Clinical Data Collection and Follow-Up

The clinical characteristics of patients were retrieved from the hospital’s electronic medical records. Collected variables included age, gender, hypertension, diabetes mellitus, dyslipidemia, left ventricular ejection fraction (LVEF), blood pressure, glucose levels, lipid profiles and blood cell counts.

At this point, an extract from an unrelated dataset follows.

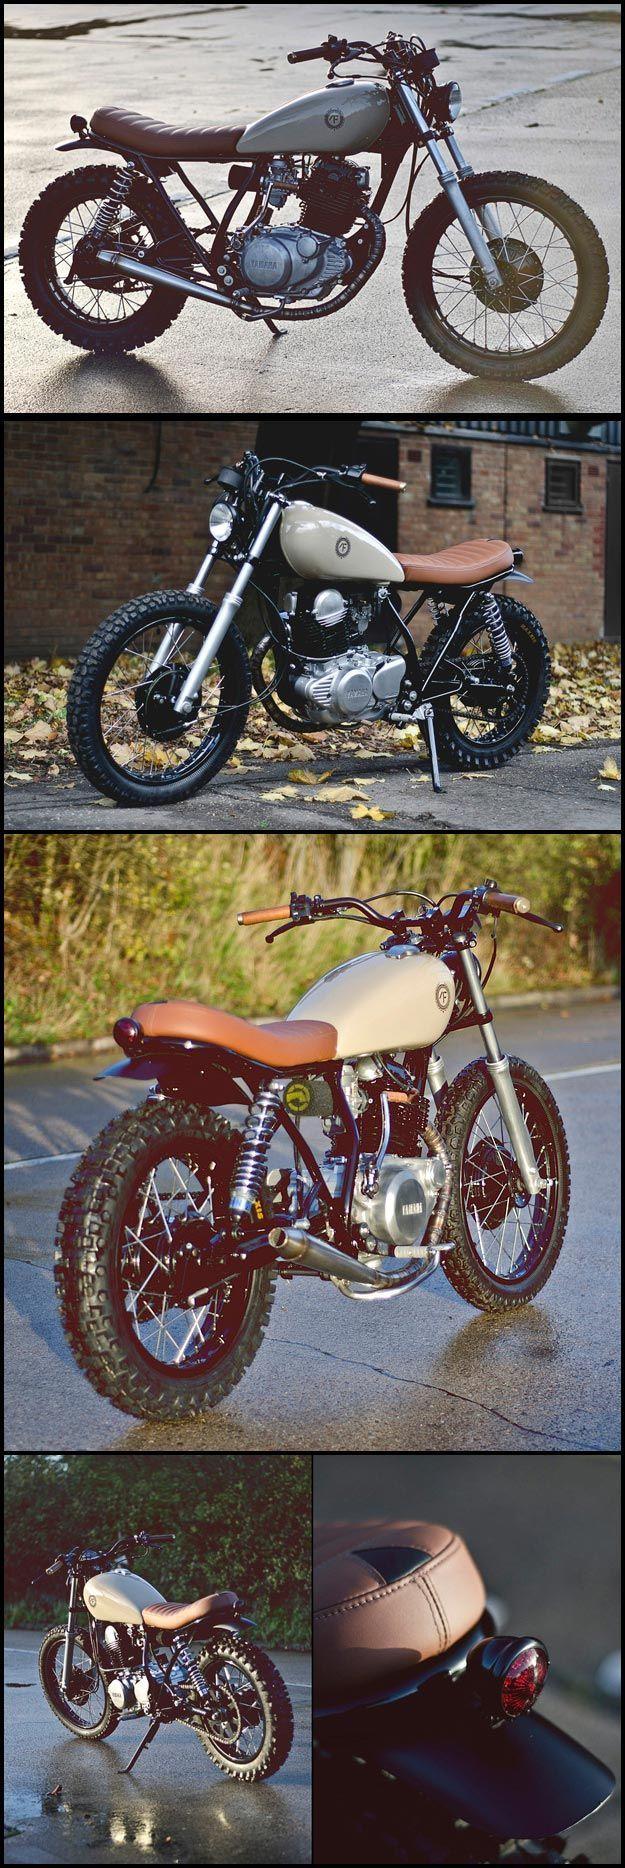 Yamaha SR250 by Auto Fabrica | Bike EXIF

One-year follow-up data for ACS patients were obtained from electronic medical records or through telephone interviews. The primary outcome measure was the incidence of major adverse cardiovascular events (MACE) including all-cause mortality, nonfatal myocardial infarction, target vessel revascularization, rehospitalization for angina or heart failure, and stent thrombosis.

Statistical Analysis

Statistical analyses were conducted using SPSS 20.0 (IBM Corp., Armonk, NY, USA). Data were presented as mean ± SD or number (percentage). The Shapiro–Wilk test checked the normality of continuous variables. Student’s t-test was used for continuous variables, and chi-square or Fisher’s exact test for categorical variables. The sample size, based on China’s ACS incidence of 1%, is approximately 95, with a significance level of α = 0.05 and a 2% margin of error. The correlation between exosomal mascRNA and clinical parameters were analyzed by Spearman correlation analysis. Logistic multivariate regression analysis was employed to assess the relationship between exosomal mascRNA and ACS risk. Receiver operating characteristic (ROC) curve analysis was employed to evaluate the diagnostic value of exosomal mascRNA for ACS. The one-year MACE-free survival was assessed using Kaplan–Meier analysis and the Log rank test, while multivariable Cox regression identified predictors of 1-year MACEs in ACS patients. A P-value < 0.05 was considered statistically significant.

Result

Characteristics of Study Subjects

The study included 140 ACS patients and 141 non-ACS, with baseline characteristics summarized in Table 1. There was no difference between the two groups regarding gender, age, hypertension, diabetes mellitus, and dyslipidemia. ACS patients exhibited higher levels of white blood cell (WBC), monocytes, neutrophils, Gensini scores, cTnI (P < 0.05), and lower LVEF compared to non-ACS group (P < 0.05).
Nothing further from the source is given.